MK750 outputting 5V, as it should

MK750 outputting 5V, as it should

Current Testing

What I really wanted to know was if the MK750 could output the massive currents its manual had promised. This was a bit trickier. I could have used a clamp, but I didn't think of that. Instead, I watched an ElectroBOOM video about DIY current shunts and decided to use one of those.

Really, a DIY current shunt is just a wire. At 5V, to output 150A you need a load of

$$ 5V/150A = 0.033Ω = 33mΩ $$

This is usually the resistance of a few feet of wire. Mehdi talks about how multimeters suck at measuring low resistances, but they are good at voltage.

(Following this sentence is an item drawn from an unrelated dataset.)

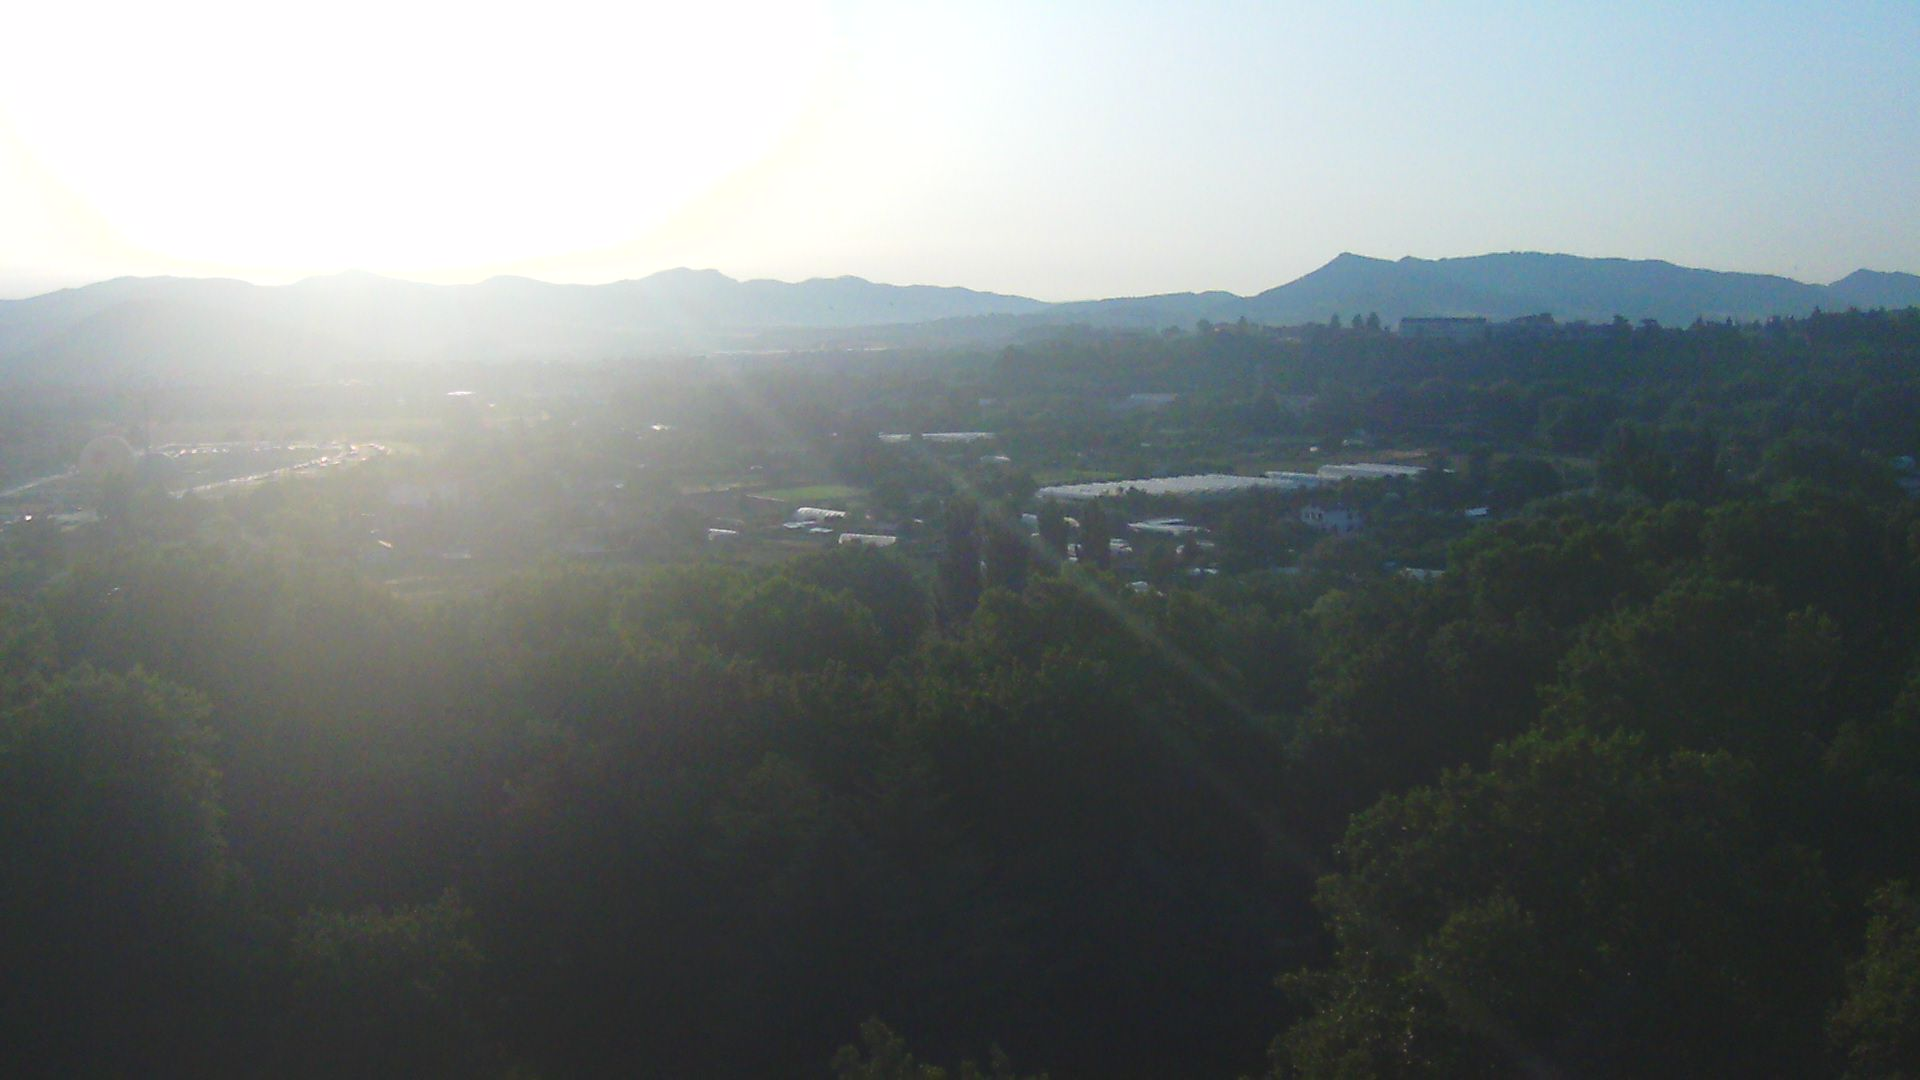 Pamplona So. 07:46

I cut a random length of a random wire off the wall, and passed 1A constant-current through it to find the resistance. The measured mV corresponded directly to the mΩ of the wire.

Thin wire of a good resistance, but not nearly enough current capacity

This bit of wire happened to be around 48mΩ, which was nearly perfect. However, just before I plugged it in, I realized that the entire output 750W of the MK750 would pass through this tiny 18 AWG wire and vaporize it instantly. Immediately I threw the thin wire away, and went foraging for some thicker power wires.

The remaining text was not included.